Design	N	SD Estimate
Like_blocks_250	250	0.064
No_blocks_250	250	0.091
Opposites_250	250	0.111
Like_blocks_2500	2500	0.020
No_blocks_2500	2500	0.029
Opposites_2500	2500	0.035

We see here how the loss from bad blocking declines, in absolute terms, with sample size (as does variance in general). In relative terms though we note that we are not seeing clear declines for this design. In the \(N = 100\) case the variance in the sampling distribution with bad blocking is an estimated 47% bigger than the variance with no blocking; for \(N = 250\) it is 50% bigger and for \(N = 2500\) it is 48% bigger.

References

Gerber, Alan S., and Donald P. Green. 2012. Field Experiments: Design, Analysis, and Interpretation. WW Norton.

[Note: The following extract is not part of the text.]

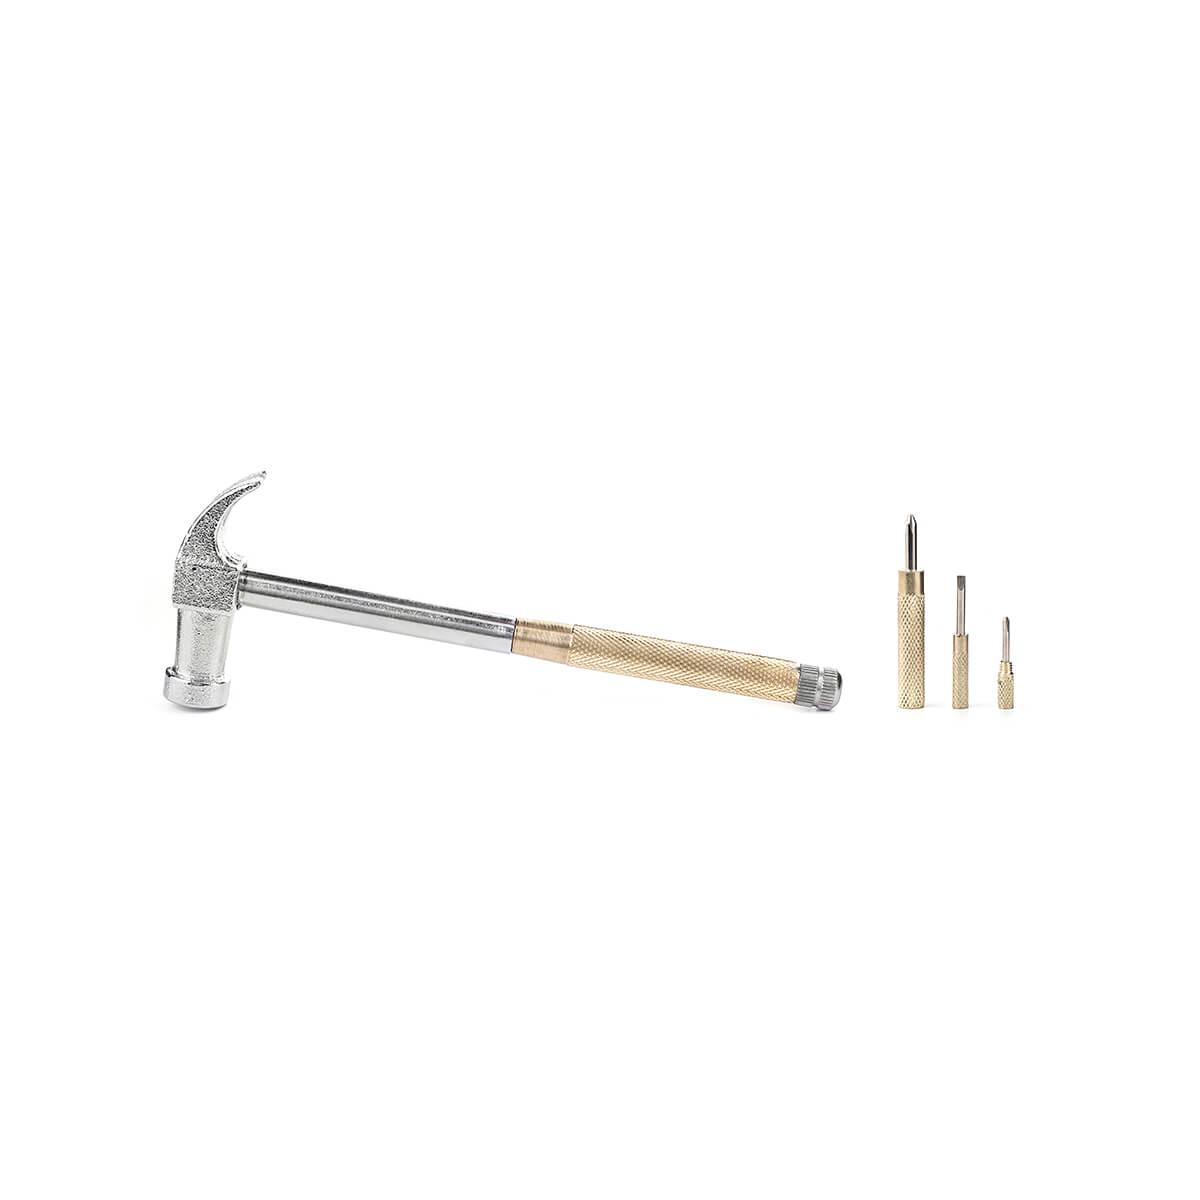 Super Grip Replacement Screws (KeySmart® Tools)

Imai, Kosuke. 2008. “Variance Identification and Efficiency Analysis in Randomized Experiments Under the Matched-Pair Design.” Statistics in Medicine 27 (24): 4857–73.

Imai, Kosuke, Gary King, and Elizabeth A Stuart. 2008. “Misunderstandings Between Experimentalists and Observationalists about Causal Inference.” Journal of the Royal Statistical Society: Series A (Statistics in Society) 171 (2): 481–502.

Moore, Ryan T. 2012. “Multivariate Continuous Blocking to Improve Political Science Experiments.” Political Analysis 20 (4): 460–79.